28. Hujan dan Shaka

127 7 7
                                    

Shaka baru saja pulang dari Bandung karena menyusul Suri dan Bunda disana. Sekarang ia sedang memarkirkan mobilnya di basement apartement Nashira karena akan makan malam bersama sesuai janji dengan Seraphina dan Gibran yang dibuat malam tadi secara tiba-tiba. Ia sebenarnya sangat lelah karena menempuh perjalanan cukup panjang dari Bandung, belum lagi saat sampai Jakarta langsung terjebak macet yang tidak kalah seperti saat menuju Jakarta tadi. Untungnya Shaka bisa sampai sebelum jam tujuh di apartement Nashira.

Perempuan itu tampak menunggu di lobby berhubung Shaka tidak punya access card sehingga Nashira harus menjemputnya ke bawah.
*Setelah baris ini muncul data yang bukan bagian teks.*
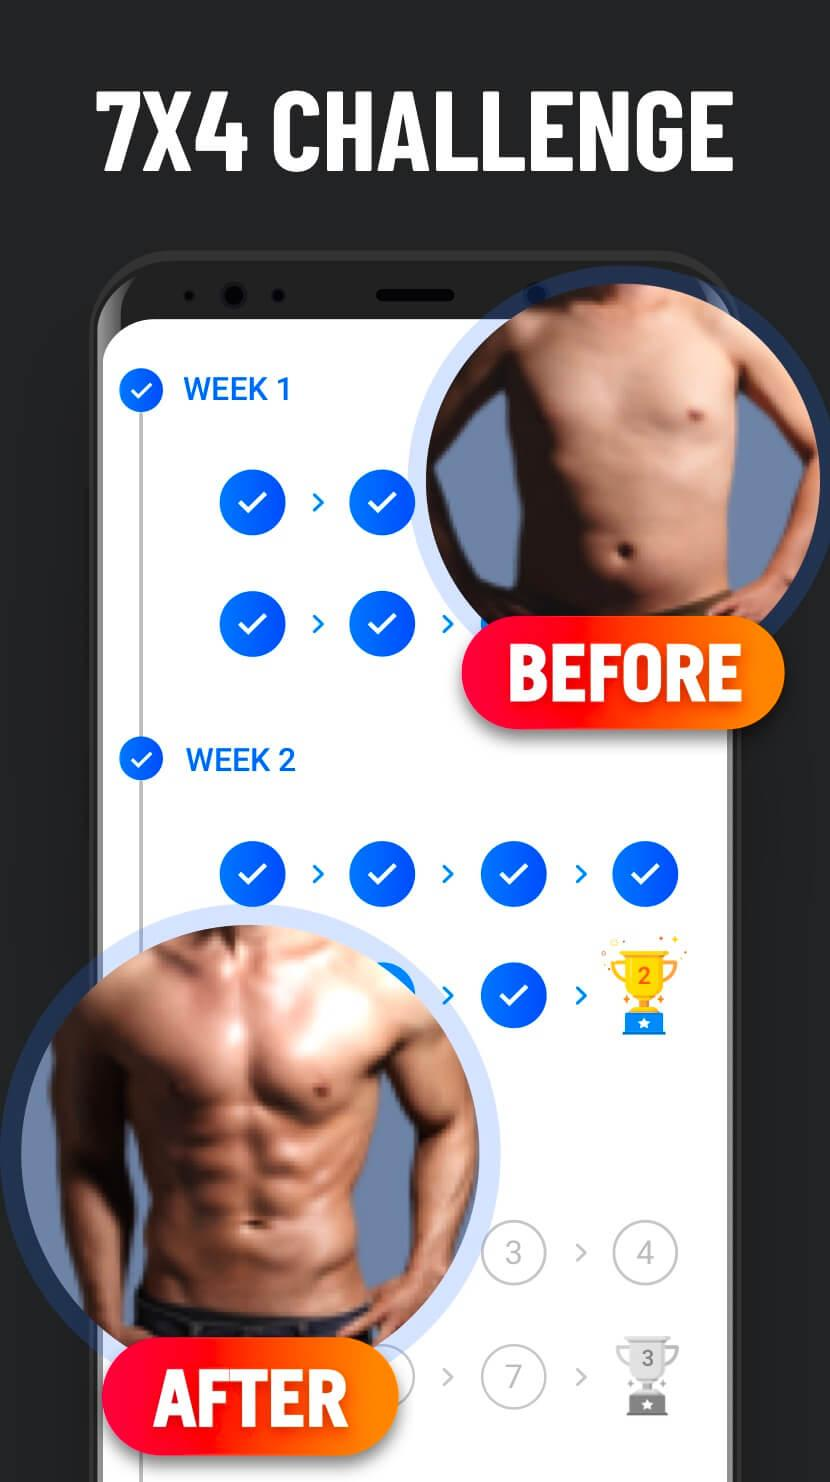 Home Workout No Equipment 1.1.2 Screenshot 5
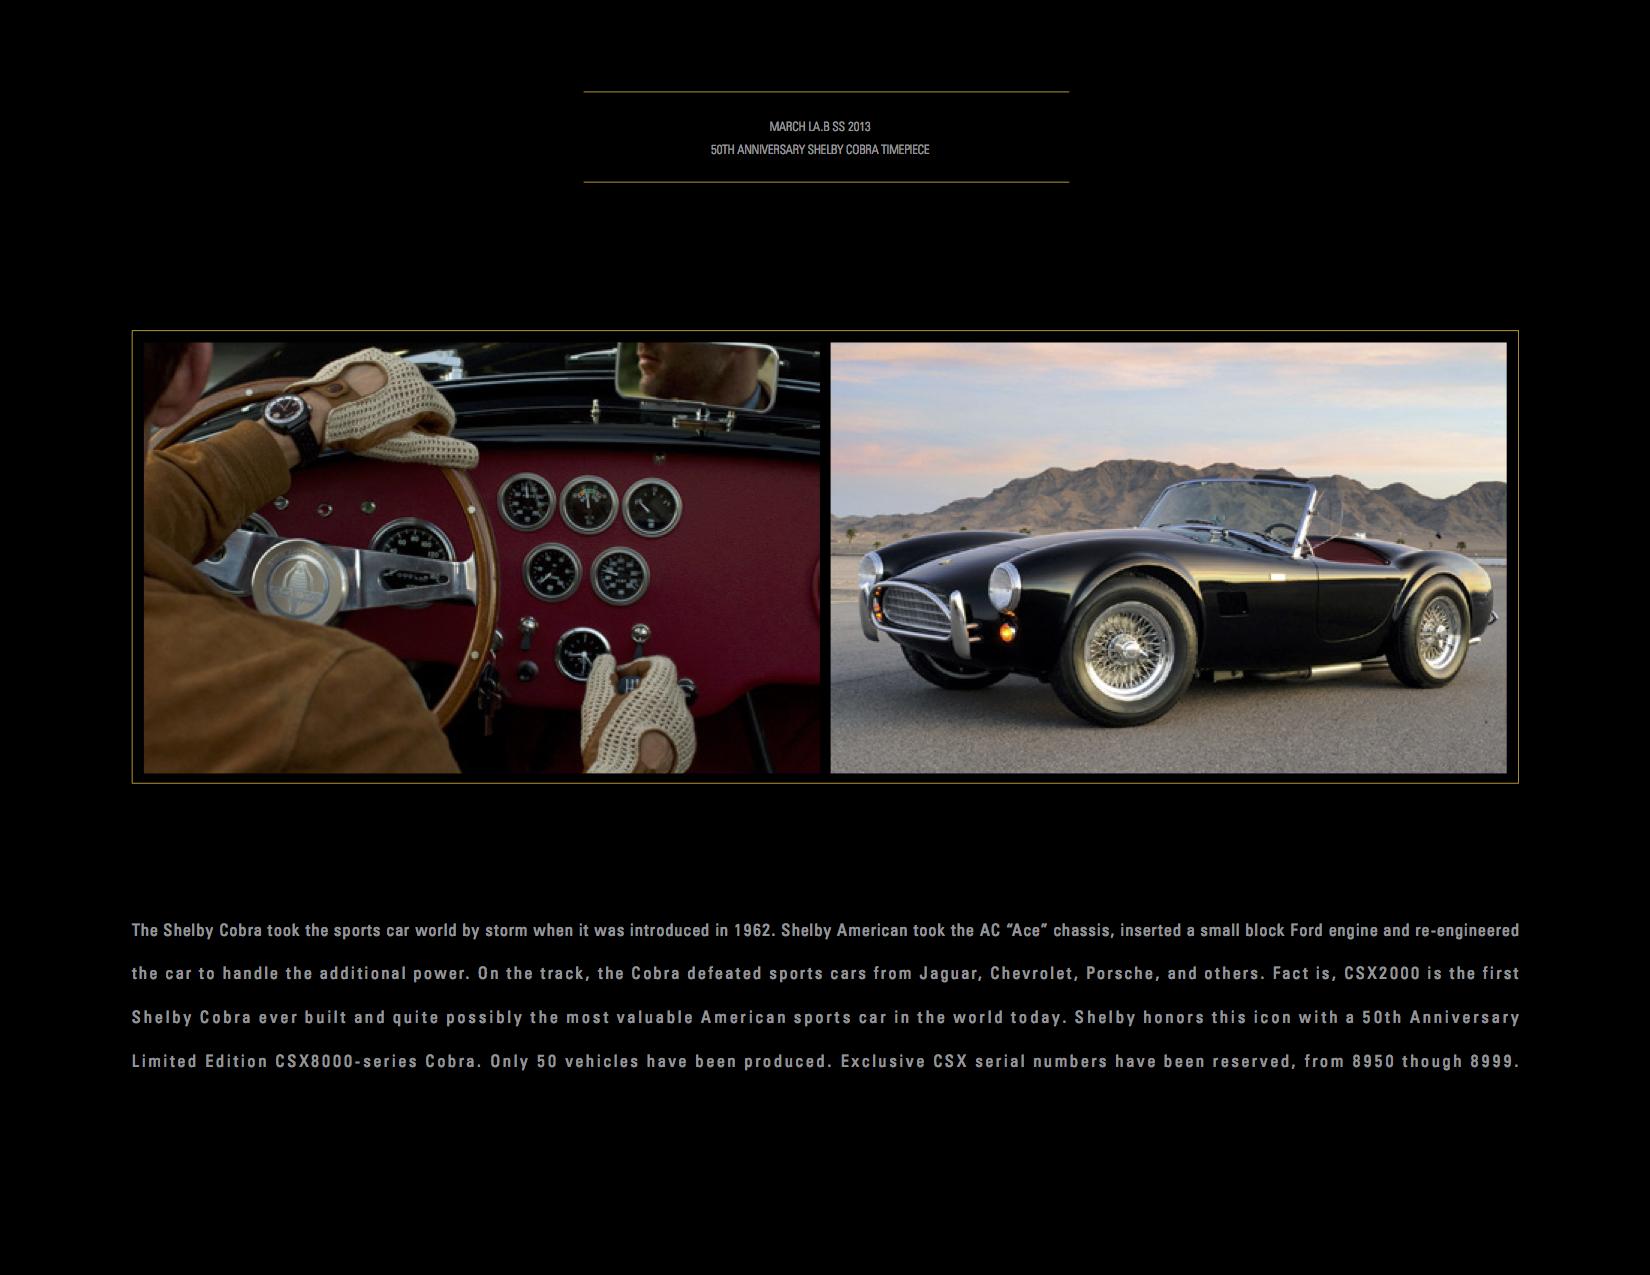 AM3_50th AnniversaryI_Shelby_CobraC.jpg

Ia melambaikan tangan nya kemudian berjalan mendekati Shaka dengan senyum manis. Tanpa banyak bicara, langkah kaki nya menuntun Shaka untuk naik dengan nya menggunakan lift ke lantai dua puluh satu dan menuju unit apartementnya. Mendorong pintu, Nashira mempersilahkan Shaka masuk dan menyuruh untuk duduk di ruang tamu sedang perempuan itu mengambil minum untuk Shaka.

Nashira meletakan minum yang ia bawa ke atas meja, "Di minum, Shaka." Cicit Nashira pelan.

Selalu ketika berdua dengan Shaka di radius sedekat ini rasanya Nashira selalu kehabisan kata-kata layaknya Shaka memiliki kemampuan super yang dapat menyerap suara juga kemampuan ia untuk berpikir. Sialnya Seraphina dan Gibran masih meeting padahal rencana malam ini merupakan ide mereka. Nashira beralih menghidupkan televisi agar suasana canggung saat ini tidak begitu sunyi karena mereka belum banyak berbicara.

Nashira tampak curi-curi pandang pada Shaka yang masih diam memperhatikan arah layar televisi. Tampangnya terlihat lelah seolah baru saja melewati perjalanan yang sangat panjang, rambutnya juga terlihat acak-acakan. Nashira sedikit berdeham, "Habis pulang ngantor kamu?"

Shaka menoleh, ia menggeleng kemudian tersenyum. "Aku habis dari Bandung, nyusulin Suri dan Bunda."

Nashira diam, pantas saja raut wajahnya tampak lelah. Perkiraan Nashira benar ternyata, ia baru saja melewati perjalanan yang sangat panjang. Nashira mengangguk, menatap televisi kembali. Mereka benar-benar canggung di kondisi seperti ini, kondisi dimana hanya mereka berdua di apartement seluas ini. Shaka tampak mengalihkan pandangannya, melirik pada ponselnya yang seperti bergetar di celana nya.

Ia lantas menoleh pada Nashira, "Mereka masih meeting, kita disuruh makan duluan aja."

"A-apa?" Sial, dasar kurang ajar mereka.

Nashira gelagapan, ia tidak mempersiapkan apa-apa karena mereka yang berencana untuk membeli makanan siap saji untuk di makan malam ini. Kalau begini Nashira harus masak, karena jika memesan lewat ojek online, kemungkinan akan sampai sangat lama. Ia tidak enak jika Shaka harus menunggu lagi, terlebih ia baru saja pulang dari Bandung dan harus menunggu pesanan. Ia akan mencari bahan makanan yang dapat di masak dengan ringkas.

Nashira beranjak dari posisinya, menuju dapur dengan cepat. Dari arah sofa, Shaka mengikuti Nashira hingga ke dapur. "Ada apa, Shira?"

Nashira berbalik, "Aku nggak siapin apa-apa, karena mereka yang katanya bawa makanannya." Ia mengerucutkan bibirnya, "Aku masak dulu ya?"

"Apa nggak repot?" Nashira langsung membalas gelengan, "Aku buat spageti oglio olio, nggak repot." Ujar Nashira

Shaka mengangguk, "Ada yang perlu aku bantu?"

Nashira kembali menggeleng, ia mulai mengambil spagheti dan beberapa bahan yang akan di masukan ke dalam olahan oglio olio. Ia membiarkan Shaka duduk di meja bar, melihatnya yang sibuk memasak. Ia sudah menguncir rambutnya dan mencuci tangan, mulai memotong bawang bombai, bawang putih, beberapa potong cabai juga daun jeruk. Tidak banyak yang harus di kerjakan, Nashira hanya akan menunggu spagheti yang di rebus masak setelah itu baru menumisnya dengan perbawangan dan bumbu lain. Shaka masih tetap memperhatikan nya di sana dengan lekat yang membuat Nashira risih.